This tutorial covers HTML fundamentals and how to collect, parse, and process web data using Python:
- Introduction to HTML Structure
- Setting Up Your Python Environment
- Extracting Complete HTML from a Webpage
- Targeting Specific HTML Elements
- Interacting with Page Elements
- Saving Extracted Data to CSV
- Final Thoughts
Want a comprehensive Python web scraping resource? Check out our detailed guide.
Before diving into scraping, it's important to understand the building blocks of HTML.

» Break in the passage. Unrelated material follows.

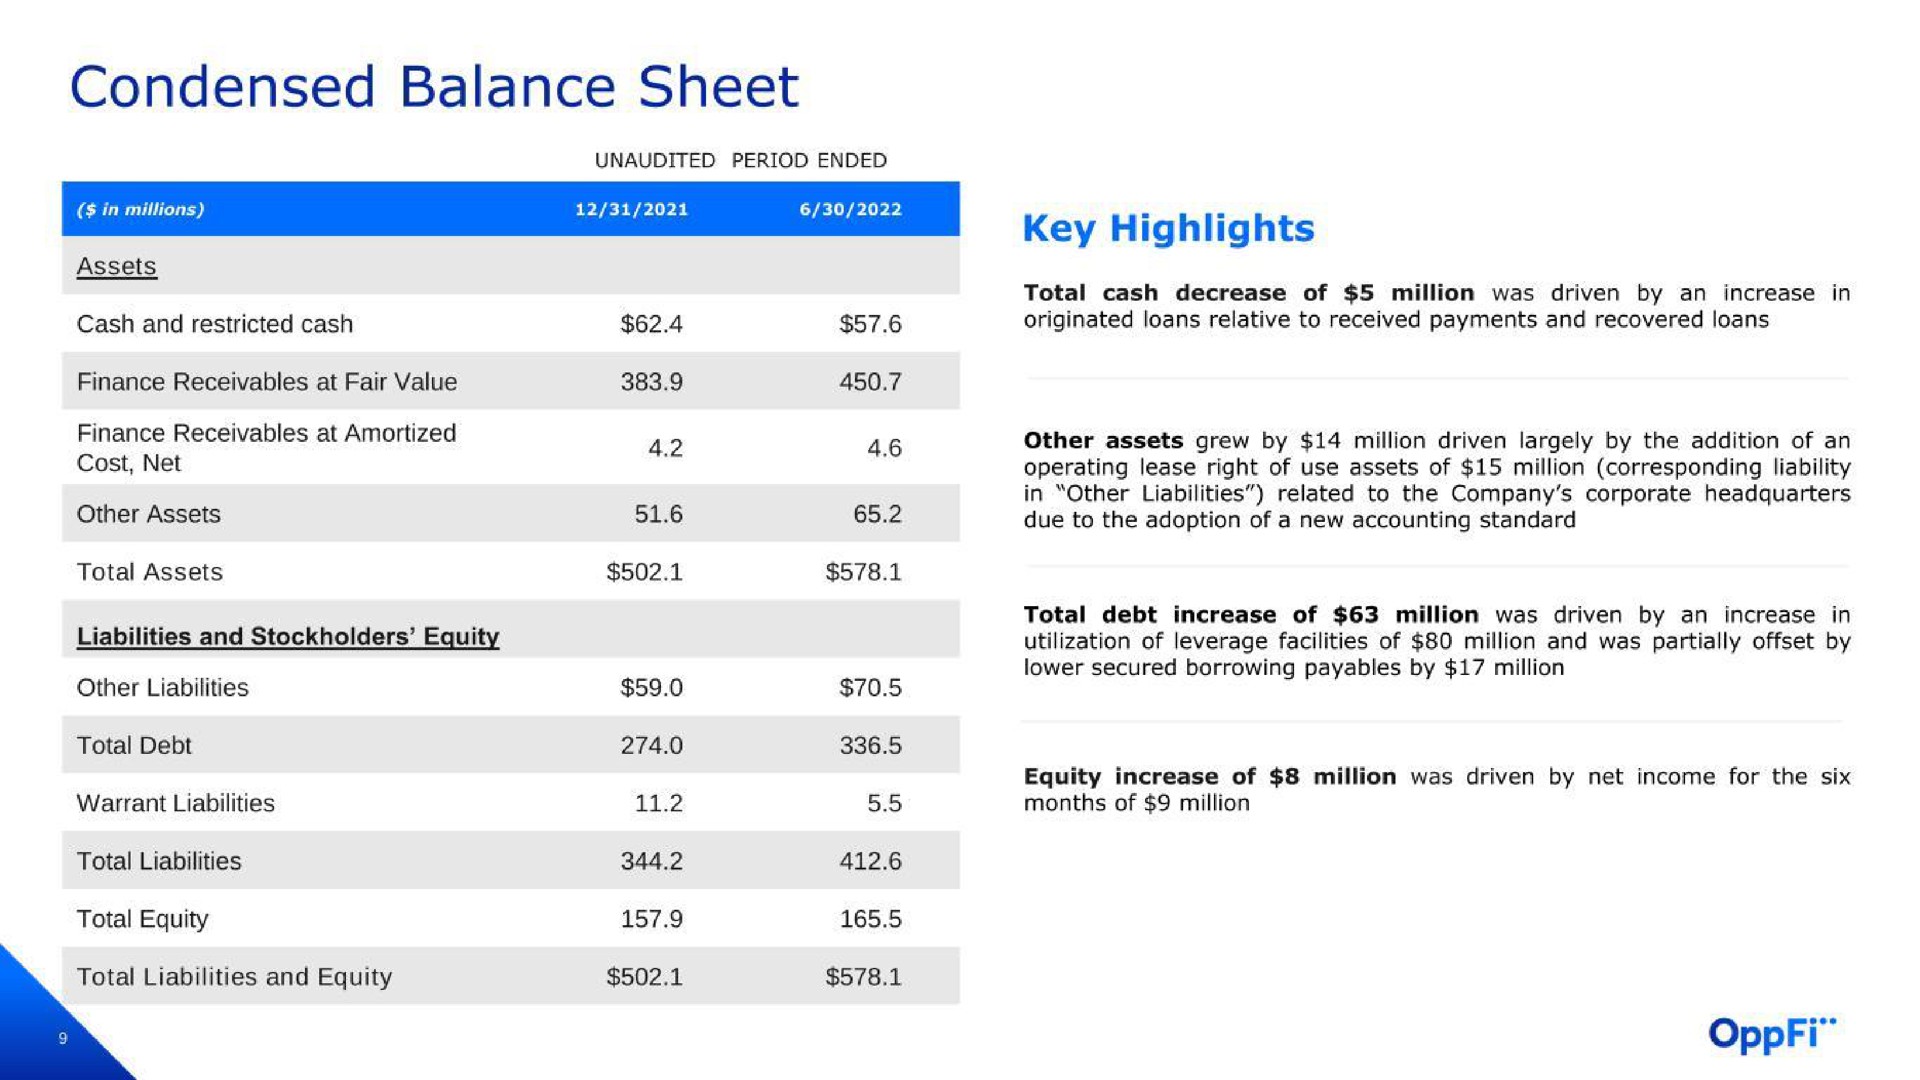 condensed balance sheet assets key highlights | OppFi

HTML consists of tags that define a webpage's structure and components. For instance, <h1> Text </h1>
defines heading text, while <a href=""> link </a>
creates a hyperlink.
HTML attributes provide additional element information. For example, the href
attribute in an <a> </a>
tag specifies the link destination URL.
Classes and IDs are crucial attributes for precisely identifying page elements. Classes group similar elements for consistent styling with CSS or manipulation via JavaScript. Classes are referenced using .class-name
.
On W3Schools, class groupings appear like this:
<div class="city">
<h2>London</h2>
<p>London is the capital of England.</p>
</div>
<div class="city">
<h2>Paris</h2>
<p>Paris is the capital of France.</p>
</div>
<div class="city">
<h2>Tokyo</h2>
<p>Tokyo is the capital of Japan.</p>
</div>
Notice how each title and city section is enclosed in a div
sharing the same city
class.
In contrast, IDs must be unique to individual elements (no two elements can share an ID). For example, these H1 elements have unique IDs for individual styling/manipulation:
<h1 id="header1">Hello World!</h1>
<h1 id="header2">Lorem Ipsum Dolor</h1>
The syntax for targeting ID elements is #id-name
.
This guide uses Python because of its many HTML scraping libraries and beginner-friendly syntax. To verify if Python is installed, run this command in PowerShell (Windows) or Terminal (macOS):
python3
If Python is installed, you'll see the version number; otherwise, you'll get an error message. If needed, download and install Python.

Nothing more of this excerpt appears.